What the task requires:
Please transcribe the data below in full. Omit any picture you find in it.

Collected material:
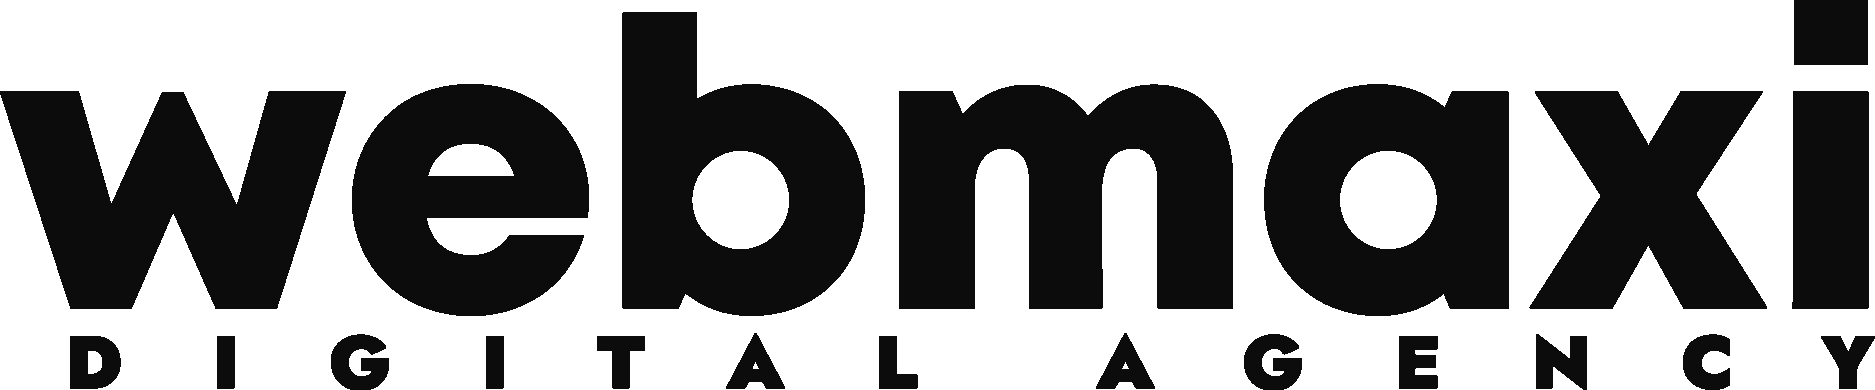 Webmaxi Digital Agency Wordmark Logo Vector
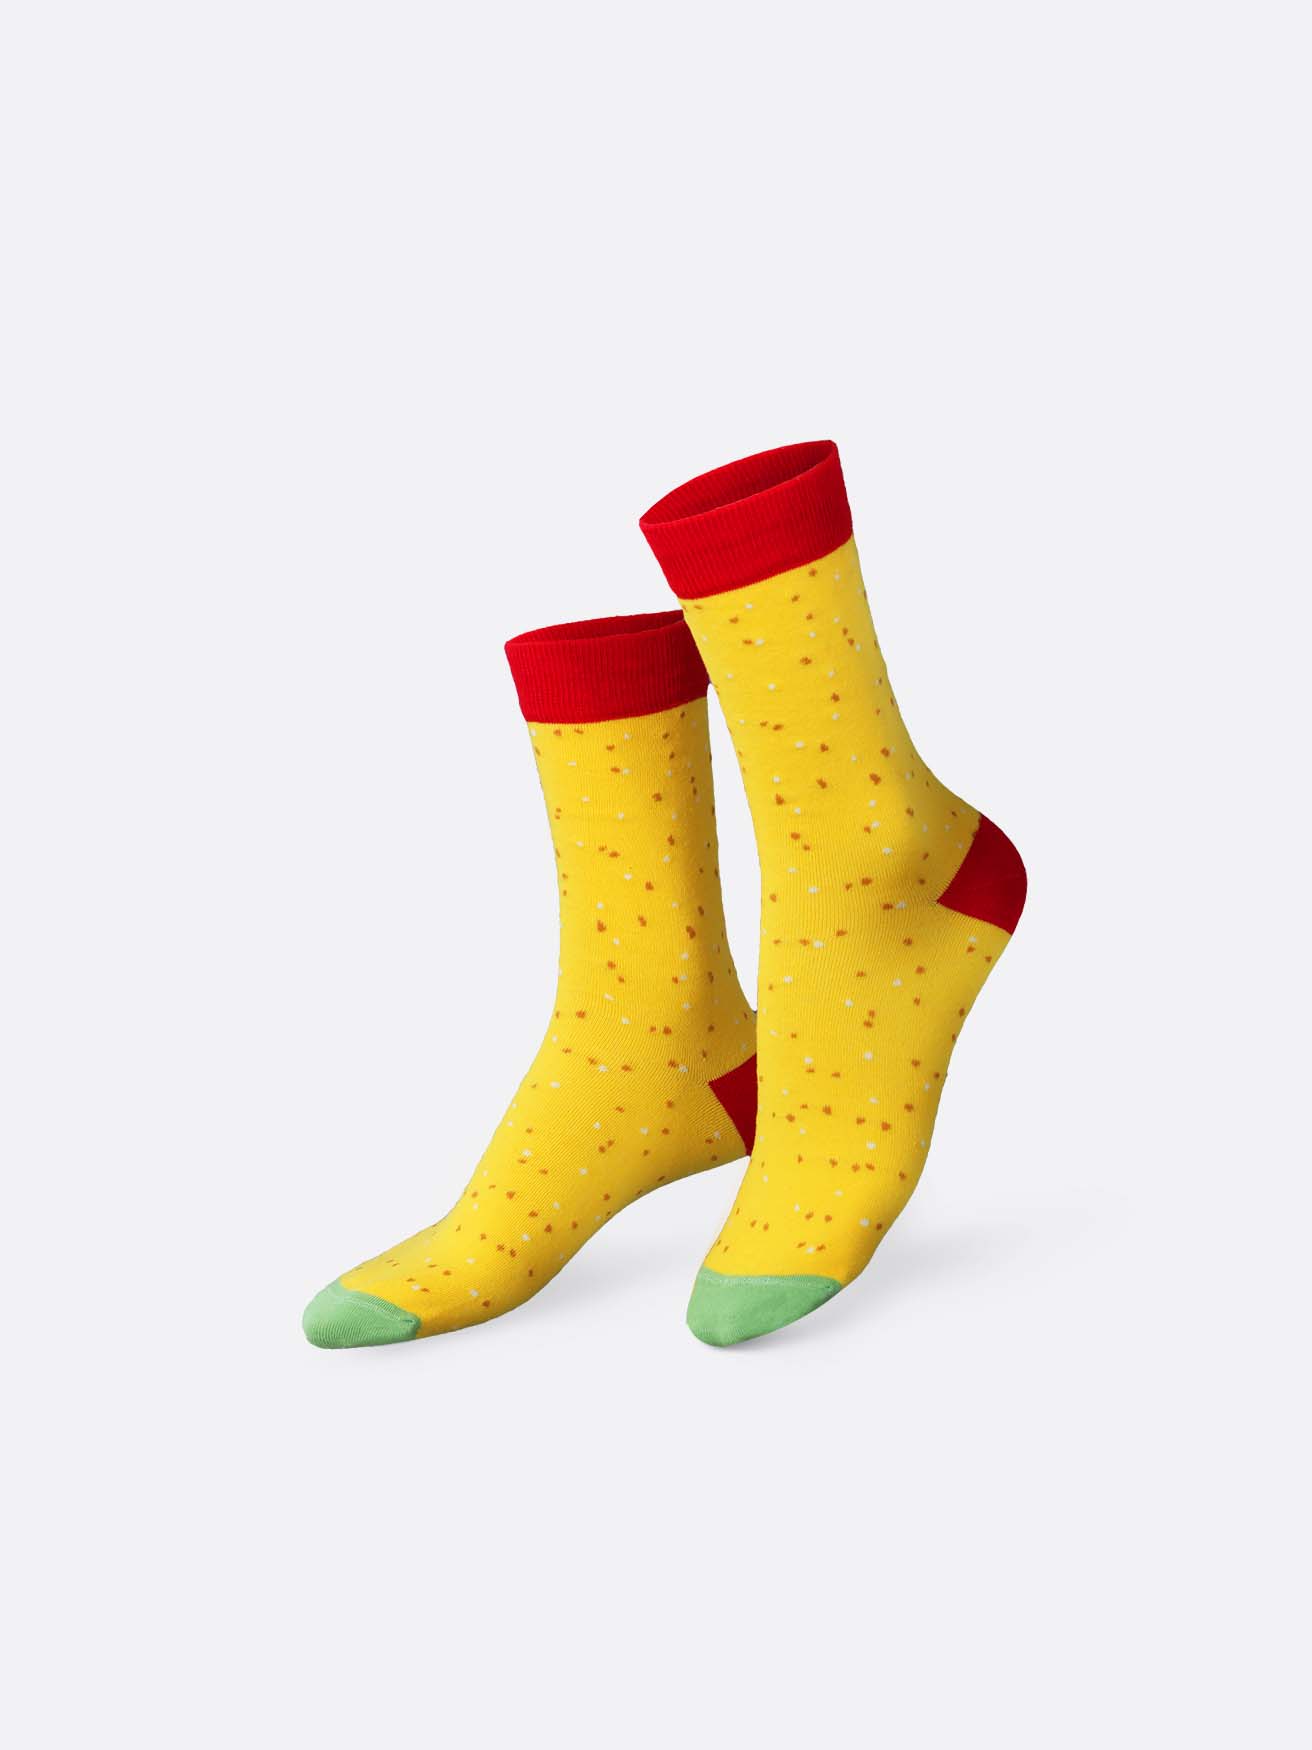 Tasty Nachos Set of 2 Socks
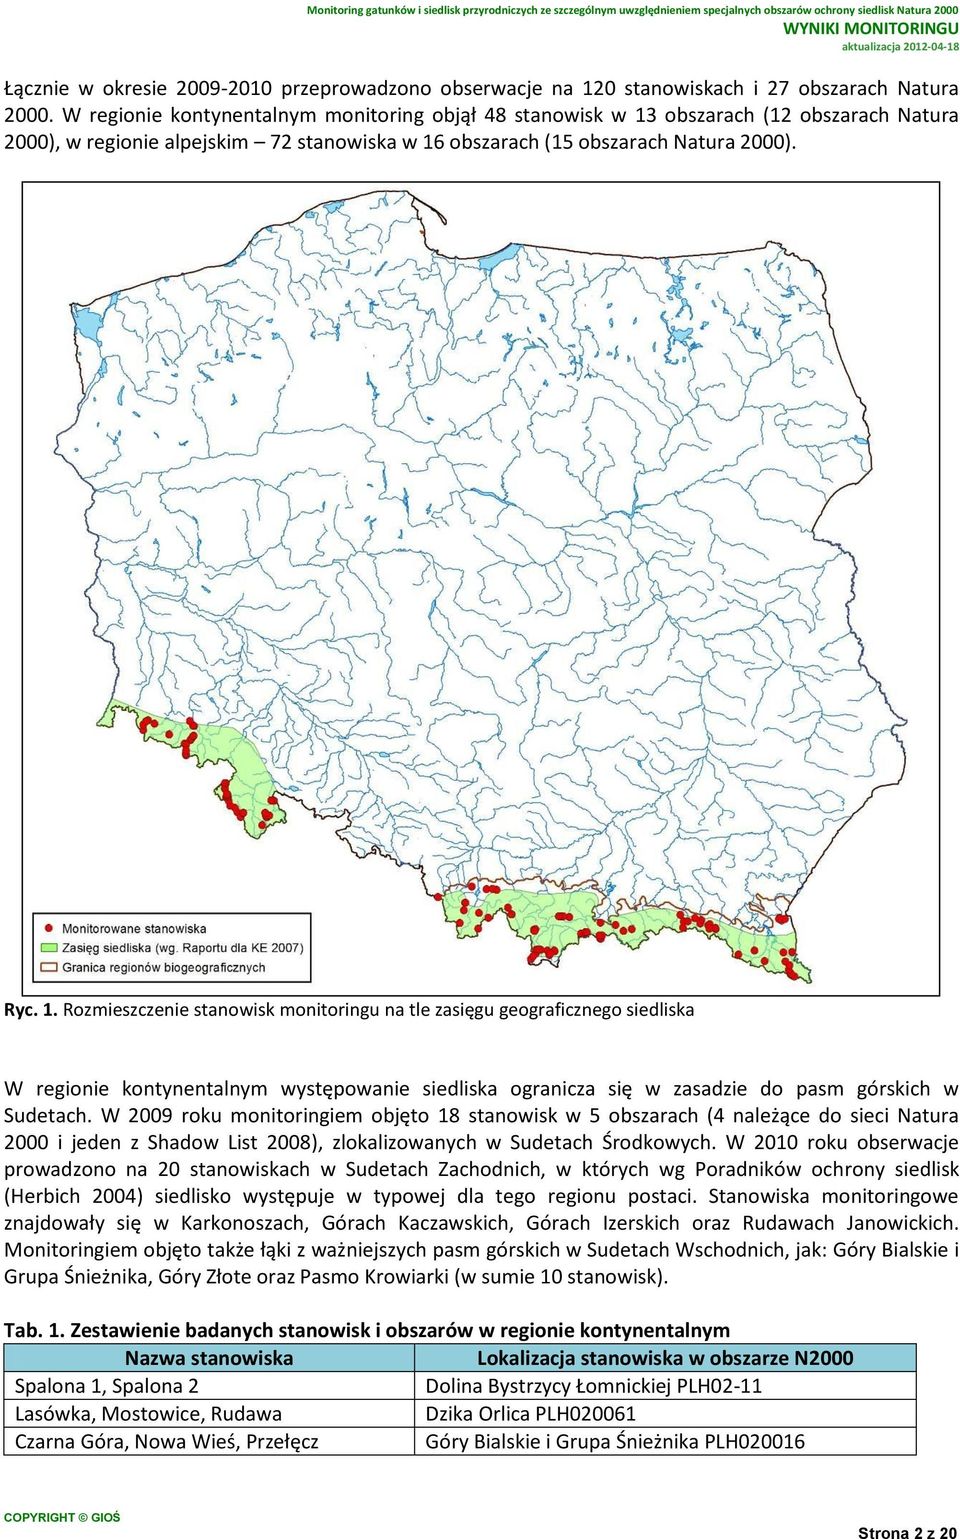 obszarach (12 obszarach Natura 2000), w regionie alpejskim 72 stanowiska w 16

Solution to the problem:
 Webmaxi Digital Agency Wordmark Logo Vector
 Tasty Nachos Set of 2 Socks
 obszarach (12 obszarach Natura 2000), w regionie alpejskim 72 stanowiska w 16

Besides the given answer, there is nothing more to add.